Skandal auch 1981, als einige Hudis Bundesrat Willi Ritschard mit Wasser bespritzten, und dessen Flucht einige reihen weiter nach hinten auch vom «Blick» kolportiert wurde. Und 1991 sorgten Hudibras-Bischöfe mit einem Rüebli als Kruzifix – gezielt wurde auf Bischof Haas – nicht nur für nette Leserbriefe.

Die Suche nach einer Halle

«Das war sehr wichtig», erinnert sich Charlie Schmid an seine Anfänge bei den Hudibras-Chutze. Als vierjähriger Knirps durfte er erstmals am Umzug mitmachen, weil Ober Werner Baumgartner beschlossen hatte, künftig auch Kinder auf die grosse Narrenparade mitzunehmen. «Heute rekrutiert sich ein Grossteil der Zunft aus dieser Kinderschar, erklärt der Ober.

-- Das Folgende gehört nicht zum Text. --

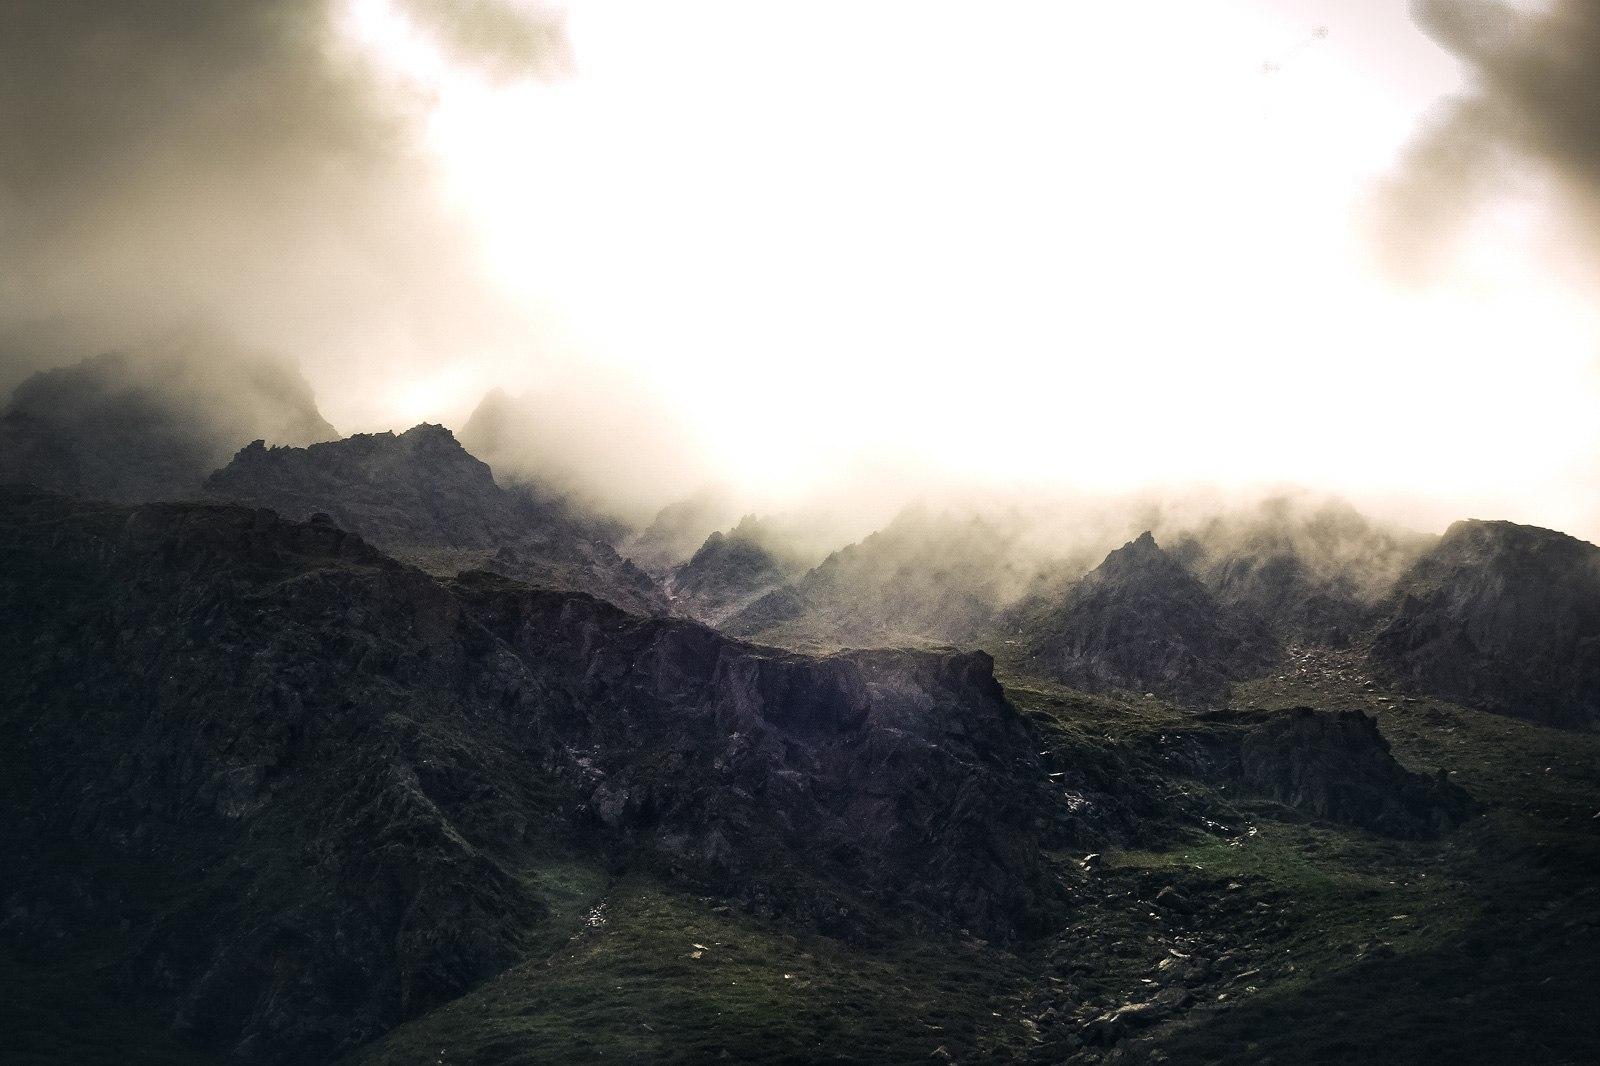 Durch die tief hängenden Wolken hatten wir eine richtig mystische Stimmung.

44 Aktive und 13 Kinder werden heuer den Umzug bestreiten, auf dem Wagen, der wie immer in 30 Arbeitseinsätzen ab dem ersten Januarsamstag entsteht. Die Gringe stellt eine Gruppe der Hudibras-Chutze schon ab dem Spätherbst her, und aktiv ist auch die Redaktion der Fasnachtszeitung «Dr Hudibras», der aber nicht nur Zunftmitglieder angehören.

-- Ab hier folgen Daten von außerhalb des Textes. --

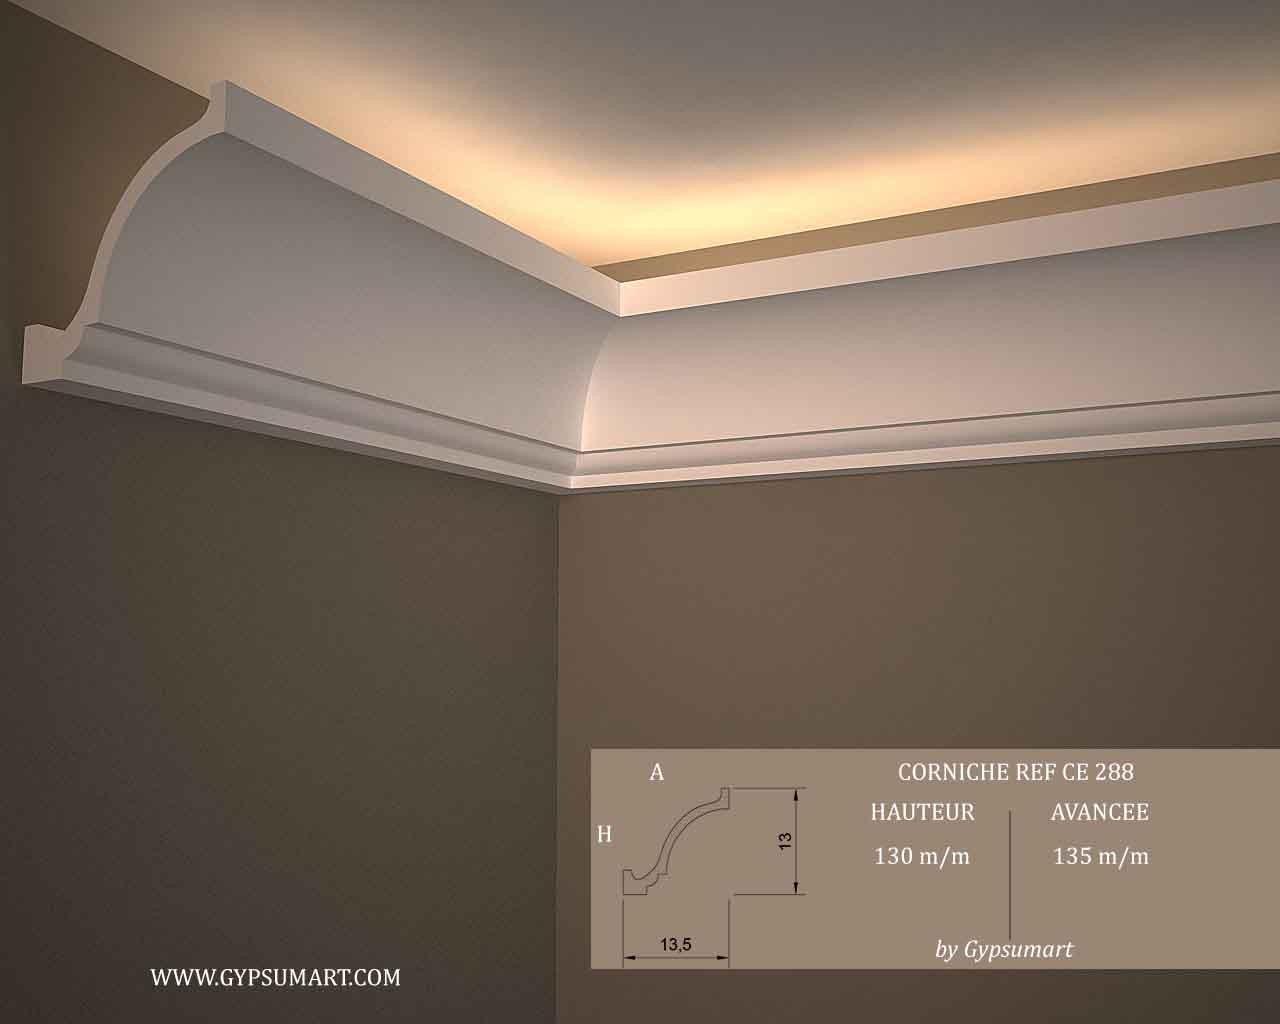 Décoration De Plafond En Platre concernant décoration murale et plafond | vente en ligne corniches, moulures

Das grosse Problem, das «alles überschattet», ist aber die Suche nach einer festen Wagenbauhalle. Nach den ersten Jahren bei Zetter und Conti in Zuchwil fühlten sich die Hudibras-Chutze 30 Jahre lang in einer Halle der Cellulose Attisholz gut aufgehoben. «Doch seit einigen Jahren sind wir auf der Wanderschaft», meint der Ober. Derzeit sei man im Bleichenberg untergekommen – allerdings ist die Halle nur noch für die nächste Fasnacht gesichert.

Nebulöses Treiben

Vieles hat sich geändert, seit der legendäre Hans Borer anfangs die Köpfe von Stadtpromis als Umzugsgringe formte oder die Hudis mit ihrer Musikkapelle von Beiz zu Beiz zogen, um zuletzt meist im «Rebstock» zu landen. Geblieben ist die Tradition, zwei Generalversammlungen im Frühling und Herbst abzuhalten und dass Novizen nach einjähriger Probezeit aufgenommen werden. Der Ober amtet für drei Jahre, ehe er seinem Vizeober, den er bestimmen kann, die Bürde mit Würde weitergibt.

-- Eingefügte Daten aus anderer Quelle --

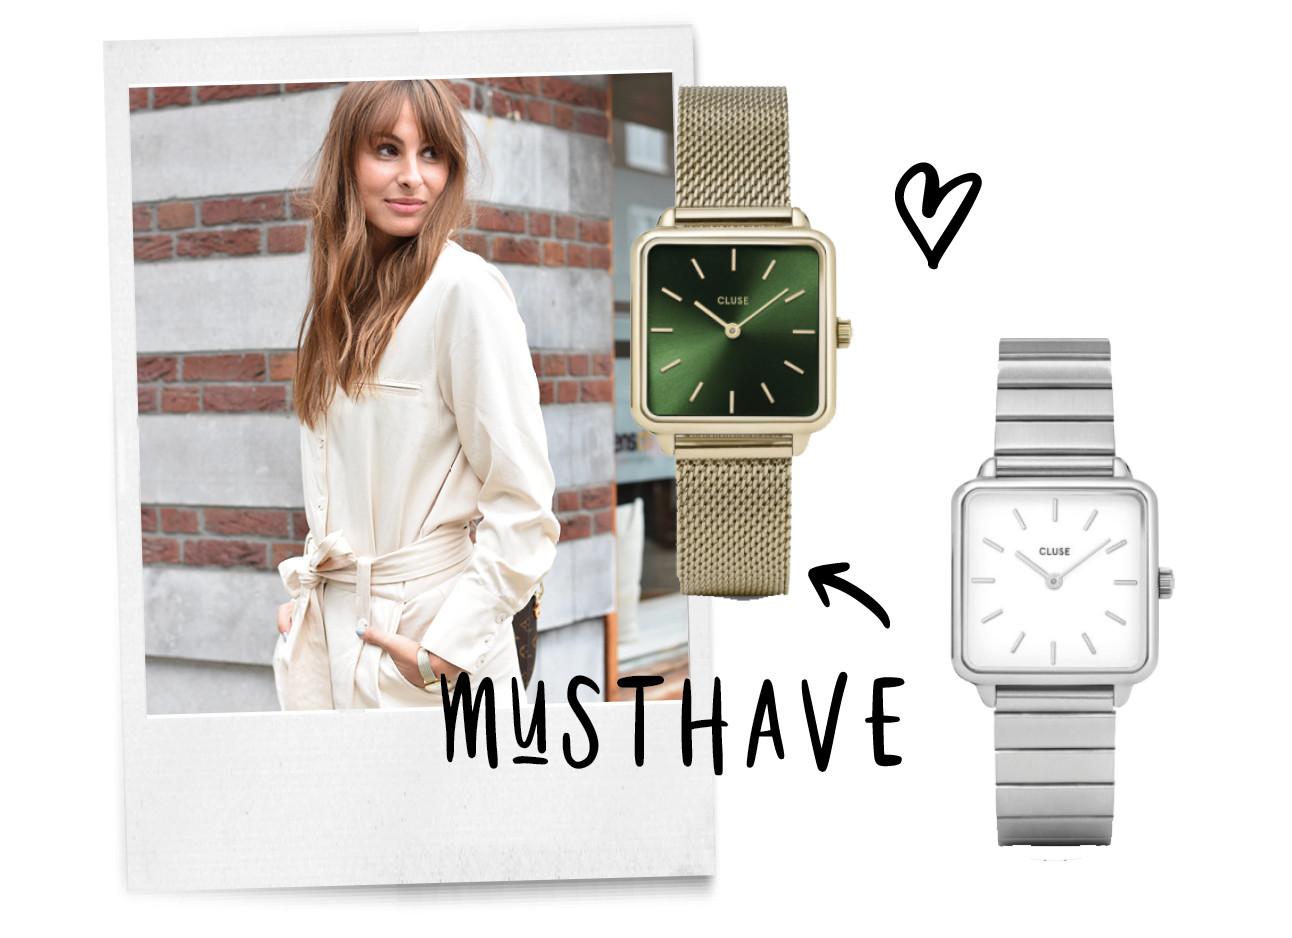 musthave, lilian brijl met cluse horloge, watches, nieuwe collectie

Geändert hat sich aber auch die Finanzierung des ganzen Fasnachtsspasses: Waren früher spendable «Göttine» und Gönner, heute Sponsoren genannt, gang und gäbe, so müssen die Hudibras-Chutze heute über den Jahresbeitrag von 150 Franken, das Führen einer Märetfescht-Beiz und den Plakettenverkauf die nötigen Mittel beschaffen. Geblieben ist aber eins: «Betrieb und viel Spektakel am Umzug». Dieser Devise wollen die Hudis auch dieses Jahr umsetzen: «Wir haben zum Jubiläum ein Sujet gewählt, das seit 30 Jahren auf der Hand liegt, aber nie jemand gewählt hat – den Nebel.» Nicht ganz einfach umzusetzen, findet Charlie Schmid. Aber die Hudibras-Chutze haben in den letzten 50 Jahren noch jedes Problem gelöst.